Artists Bridget Riley, Antony Gormley and Arts minister Estelle Morris will launch British Art Week on Tuesday.
The Bridget Riley exhibition will be free on Friday
The new annual event at Tate Britain will take a fresh look at the meaning of British visual culture.
The week of debate will culminate in a special late-night opening on Friday with free entry to the Bridget Riley exhibition.
There will also be previews of future exhibitions and live music.
Ben Luke, the spokesman for Tate Britain, said British Art Week was designed to get people thinking about what UK art means.
"British art doesn't really need a boost but we have a range of collections just opening and we thought it would be good to find a point every year to focus on the work the UK produces," he told BBC News Online.
The organisers are keen to make sure the whole of the country can get involved.
"While some of the key events are at Tate Britain in London, we have various exhibitions taking place at art galleries around the UK so that people from all regions can go along," said Mr Luke.
Riley's lecture about her influences and the development of her work takes place on Wednesday but is already sold out.
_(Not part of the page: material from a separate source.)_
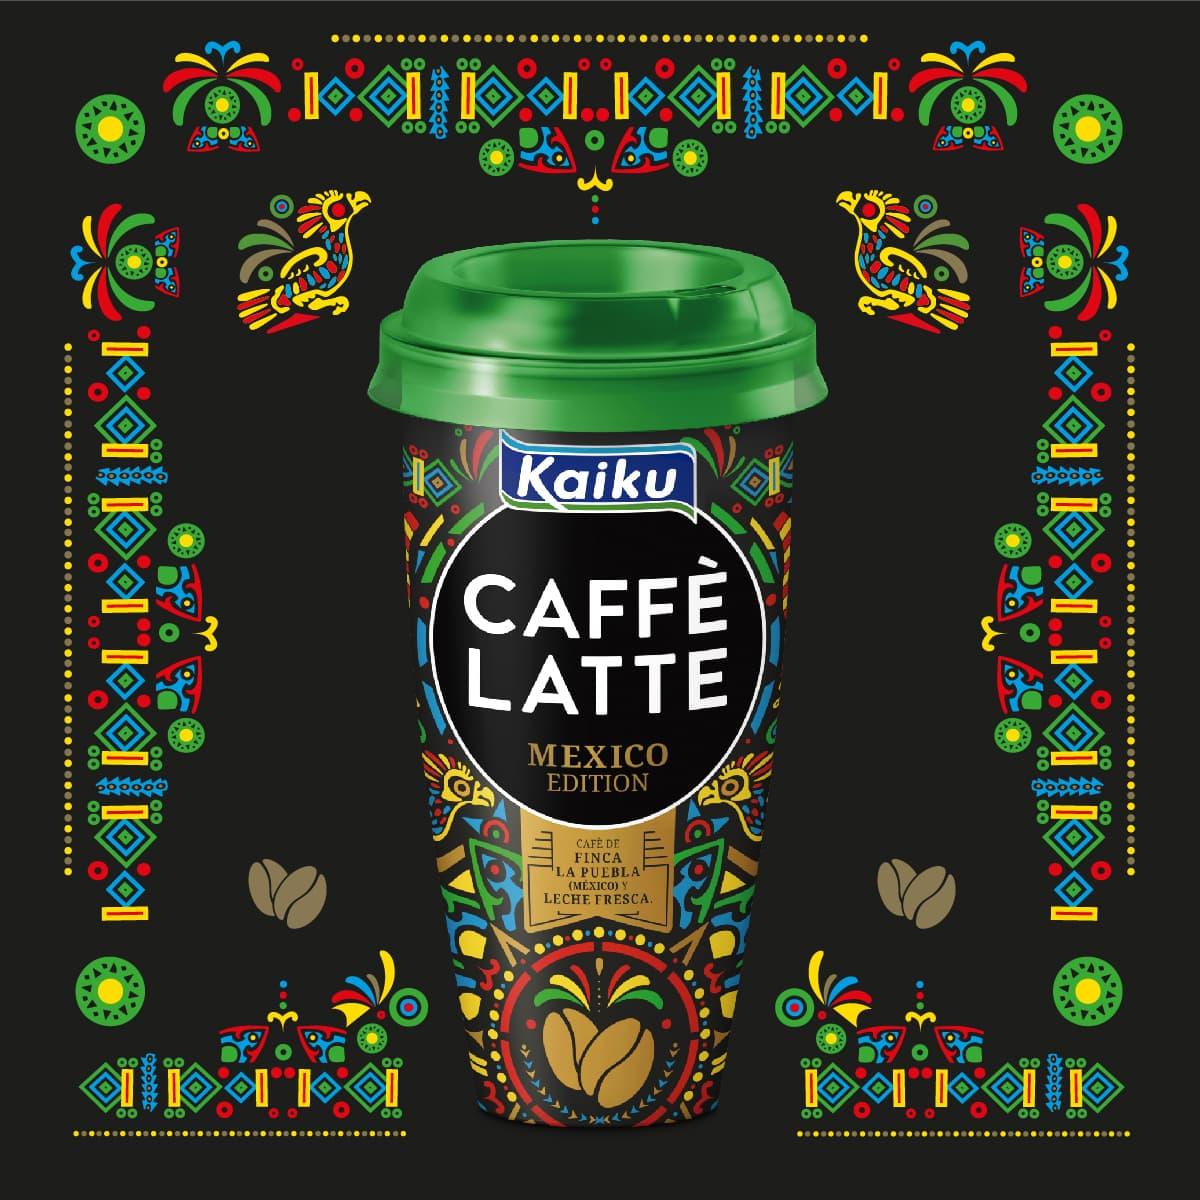 Café mexicano en la familia de Kaiku Caffè Latte :)

Andrew Graham-Dixon, an historian and Sunday Telegraph critic, will argue in his lecture on Thursday that British art has a unique and highly distinctive character and can justifiably be compared to some of the greatest works produced abroad.
Exhibitions outside London collaborating with British Art Week includes ceramics artist Richard Slee's work at The Potteries Museum and Art Gallery in Stoke-On-Trent.
Yorkshire's Sculpture Park is hosting an exhibition of work by artists such as Richard Deacon, Damien Hirst, Anish Kapoor and Rachel Whiteread.